TV, LAN, & intercom over one cable

The buildings on this property have shared a single MATV system installed several years ago.  This consists of two long RG11 drops and sundry splitters, taps, and amplifiers.  Over the years, the system structure has changed several times.  For many years before DTV conversion, music and security camera feeds were inserted into the network with modulators.  Slowly, the modulators and processors were removed and all that remained was a simple antenna distribution system.

Property & Drop Map

The off-air TV/FM signal isn't the only thing shared between the buildings in the diagram.  While the antenna is distributed from building A, the WAN connection is at building B.  For years, building A has been linked to the computer network over wifi with the aid of directional antennas.  Furthermore, buildings B and C share a voice intercom I'd discussed in a previous post.  This intercom was realized using a parallel drop of twisted pair cable.  The recent goals were to extend the computer network to point C and to replace the deteriorated UTP cable used by the intercom.

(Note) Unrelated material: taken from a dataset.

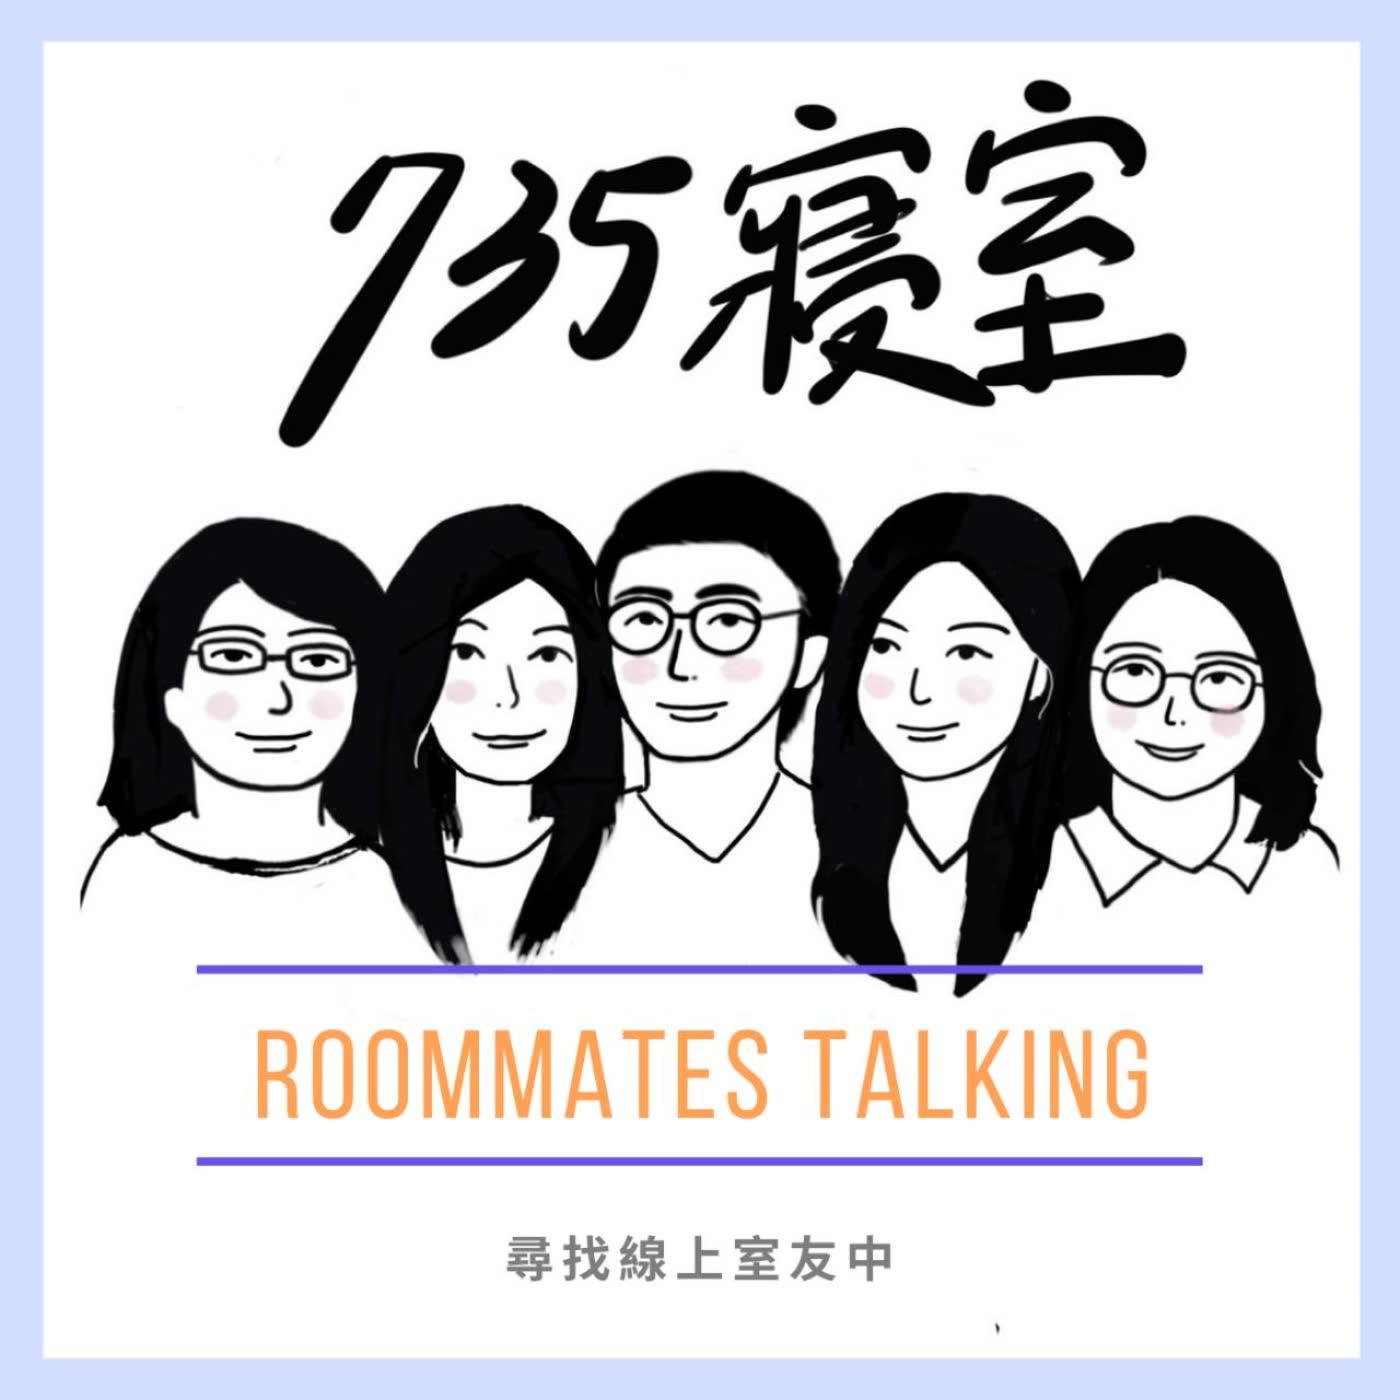 室友放鬆隨意聊#3│心情低落時如何紓壓呢?

Network schematic between buildings B and C

While the wireless bridge to A works well enough, reaching C via wifi is difficult.  There is restricted line of sight and the obstacles in the signal path are all large metal structures.  While the 500' link can be established with makeshift waveguide antennas, I opted to try running it over the coaxial cable instead.  While I'm sure there are legitimate solutions for running ethernet over coax, the products I saw were either too expensive or appeared to be misrepresented Thinnet adapters.

 

Like usual, I used a low-cost and low-risk approach.  Parts should be inexpensive, common, and should have some secondary utility should plans change.  Using two ASUS RT-N12/D1 router/repeater/AP devices, a 802.11g/n link was made over the coax.  Satellite diplexers are used to combine/split the 2.4GHz signal from the MATV signal.  I made a simple adapter to connect the RP-SMA antenna port on the AP to the 75 ohm network.  The adapter serves to adapt the dissimilar connectors, but it also uses a simple L-pad impedance matching network and a single capacitor as a DC block.  The odd resistor values shown in the schematic are a product of convenience given my limited stock of SMD resistors.  Simply put, 100R || 1K = 91R; 75R || 100R = 43R. I gutted some old CATV channel traps to use as enclosures.  The RG316 cables with RP-SMA connector were stripped from old equipment.  Signal strength at C is about -57dBm, which is about on par with what can be expected of the drop.  The free antenna on the access point at B provides extended coverage to the shop and outdoor area.  The free antenna on the access point at C provides wireless coverage for any mobile devices in the area. 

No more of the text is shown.